What is needed:
Please restate exactly the lines from the one holding "C64 GameBase Colour_Search" to the end of the material, including both ends and excluding every picture.

Input data:
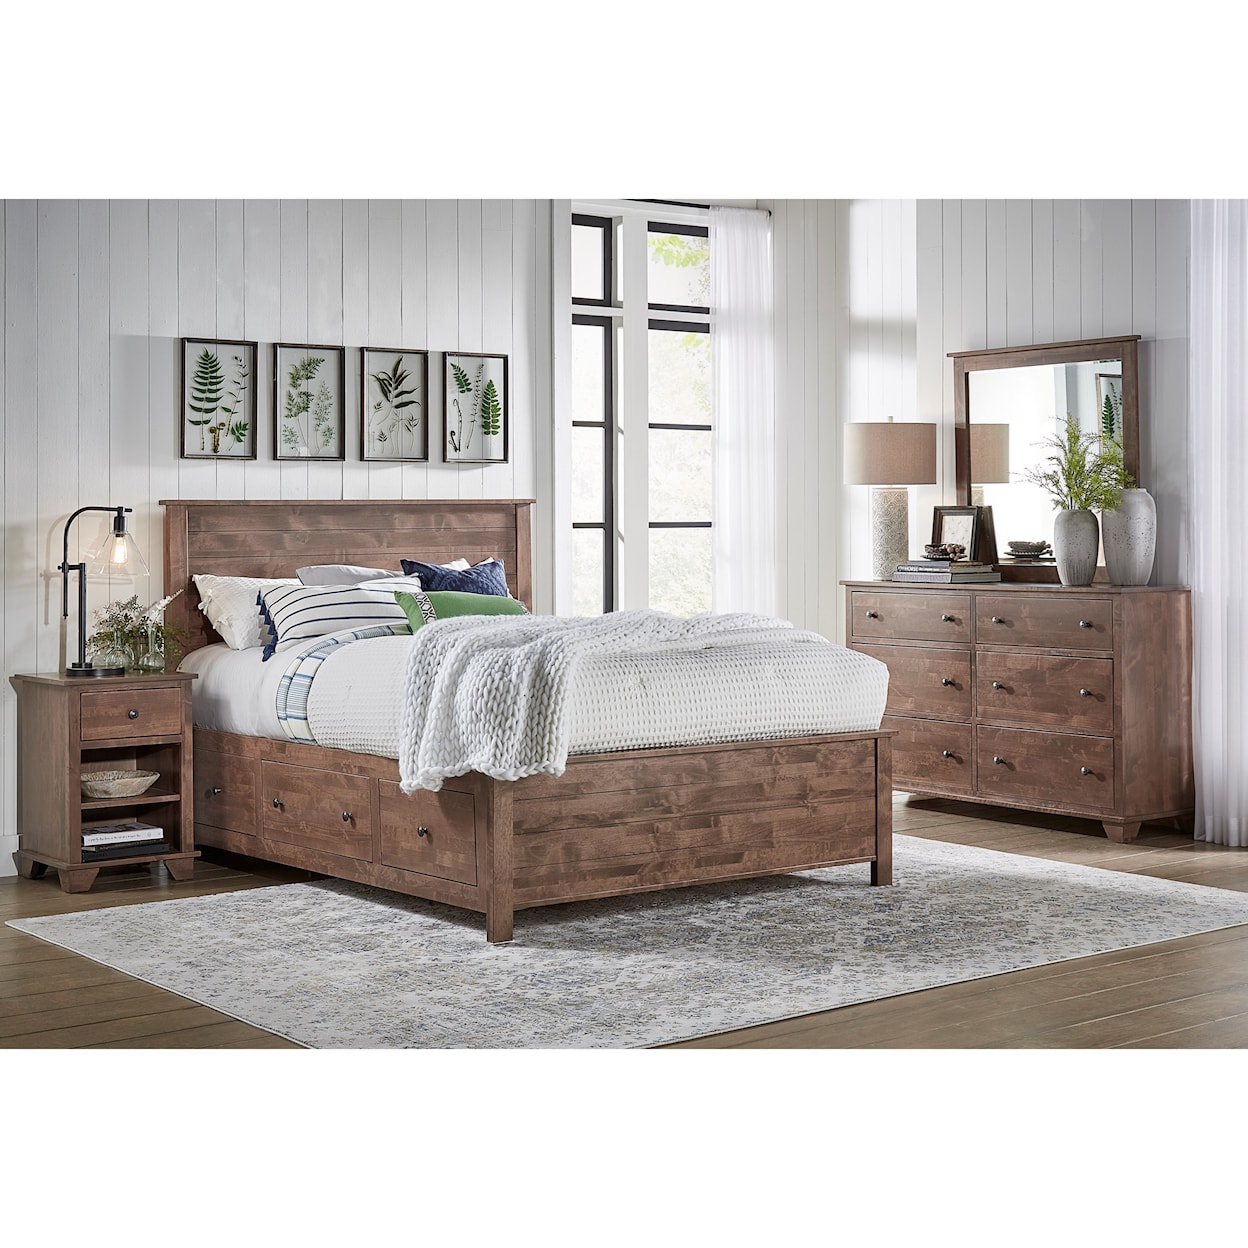 Archbold Furniture Portland Storage Bedroom Group
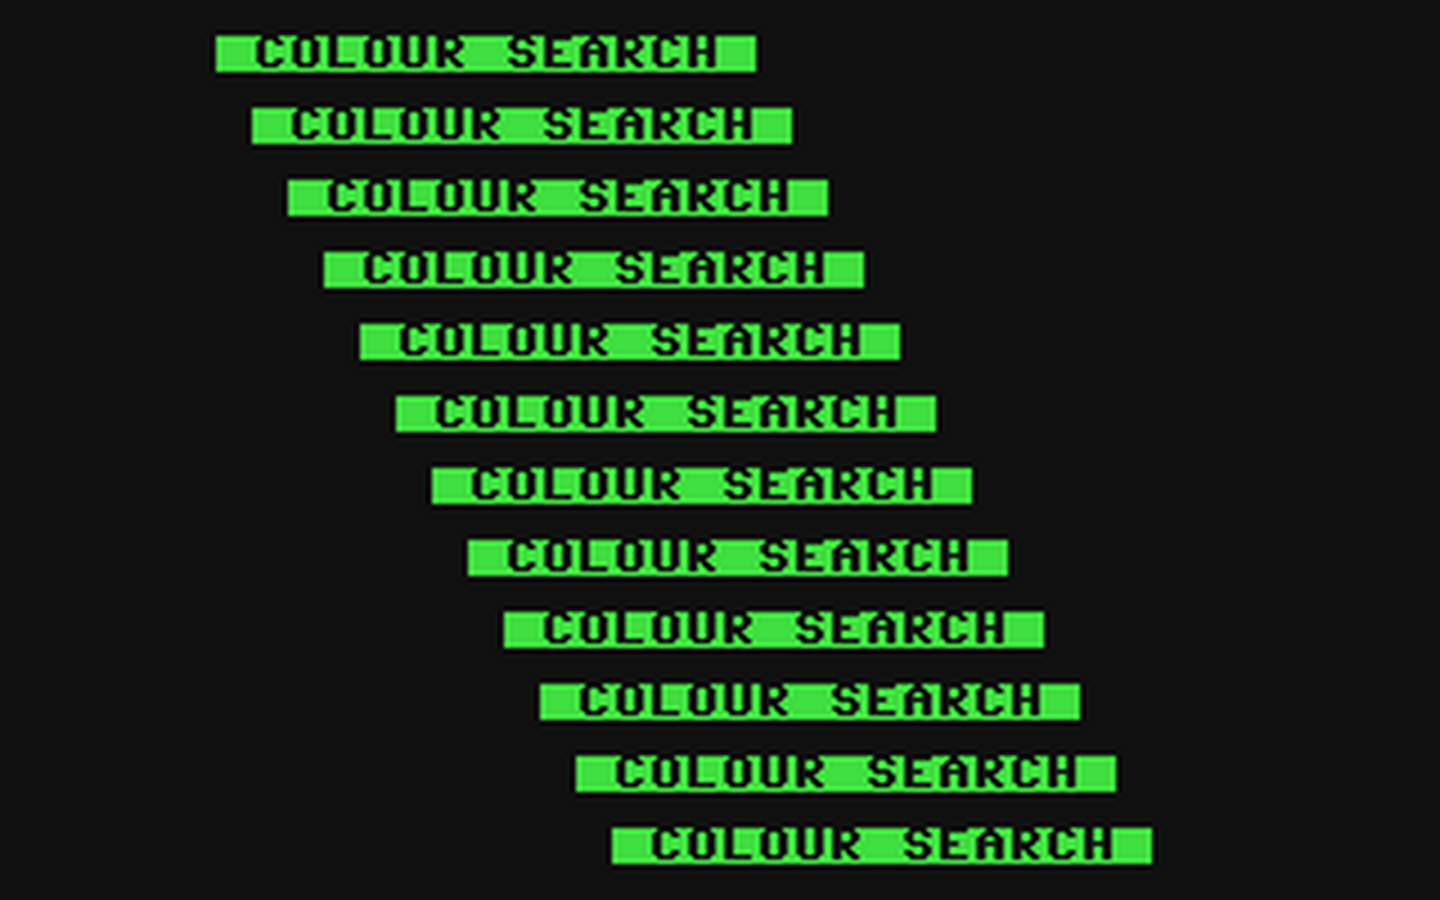 C64 GameBase Colour_Search Edizione_Logica_2000/Videoteca_Computer 1984
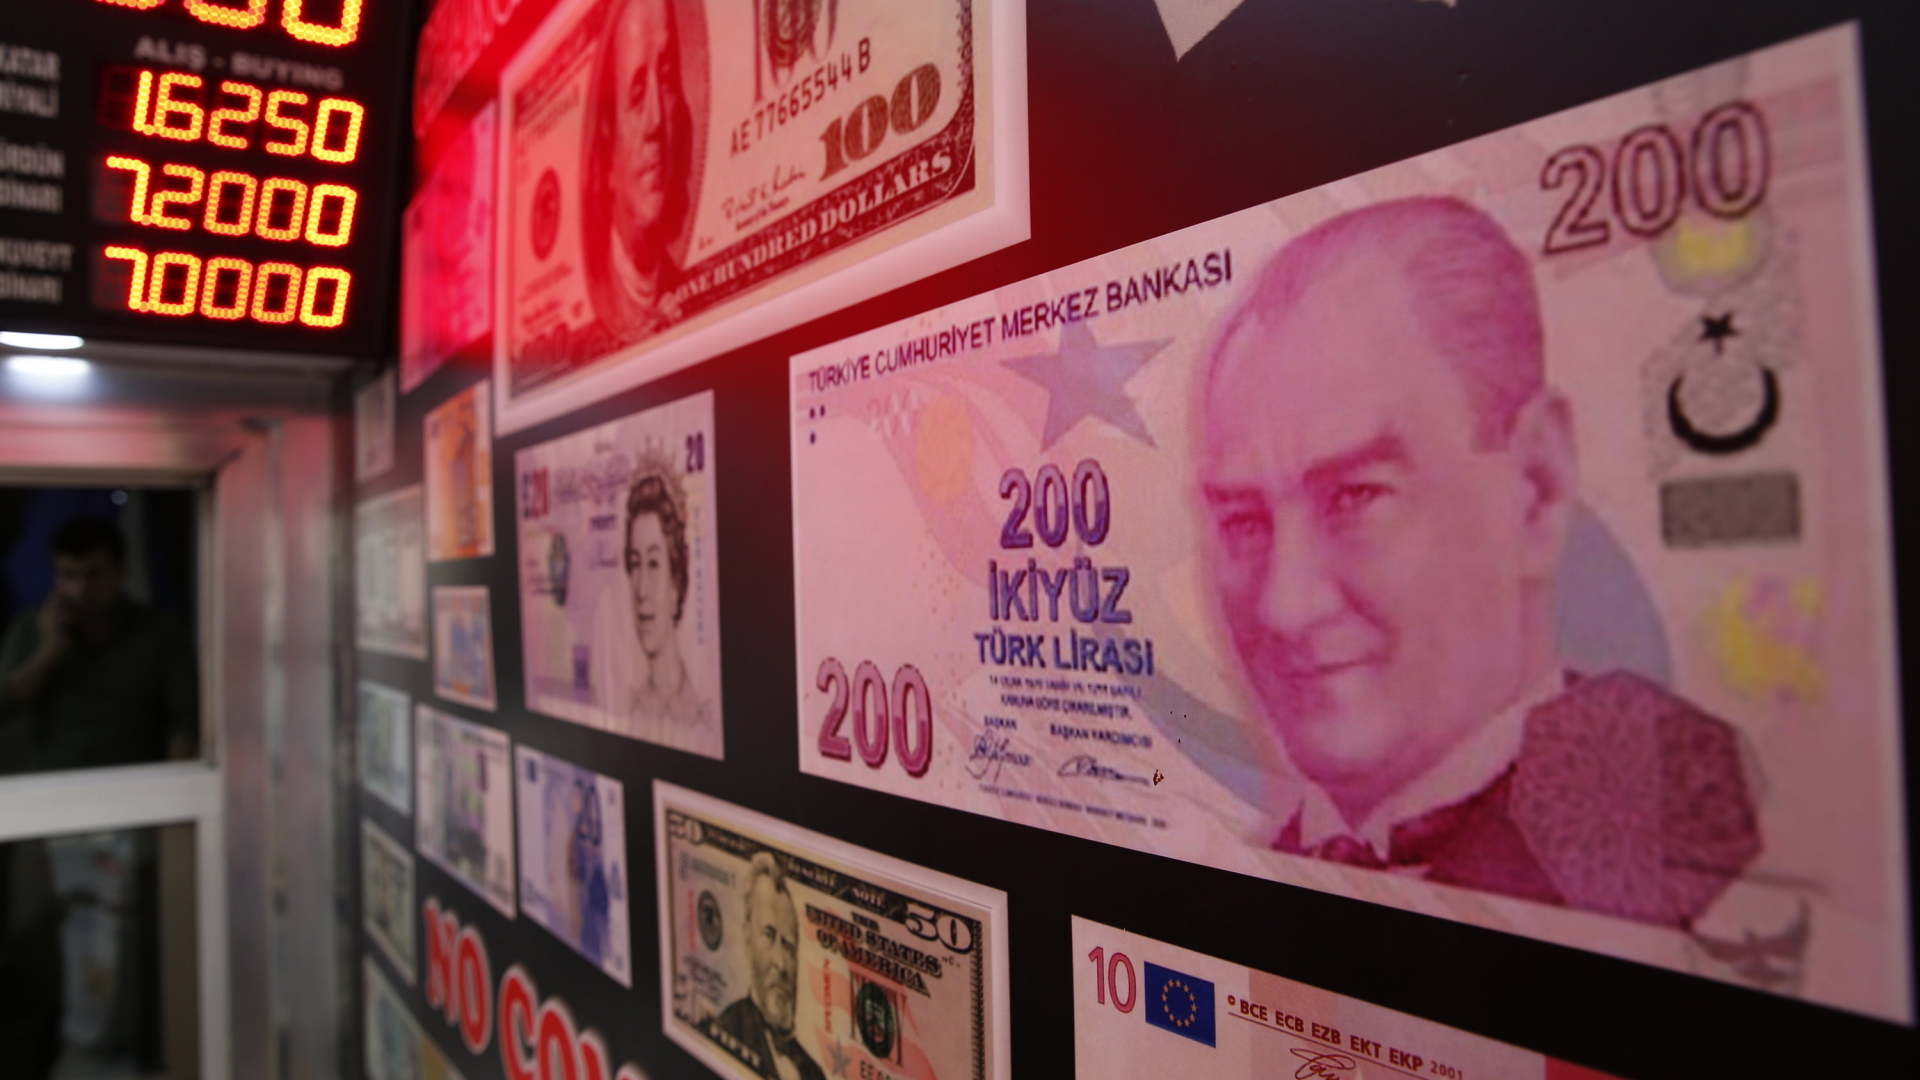 Kopie einer 200-Lire-Banknote in einer Wechselstube in Istanbul | dpa

Written response:
 C64 GameBase Colour_Search Edizione_Logica_2000/Videoteca_Computer 1984
 Kopie einer 200-Lire-Banknote in einer Wechselstube in Istanbul | dpa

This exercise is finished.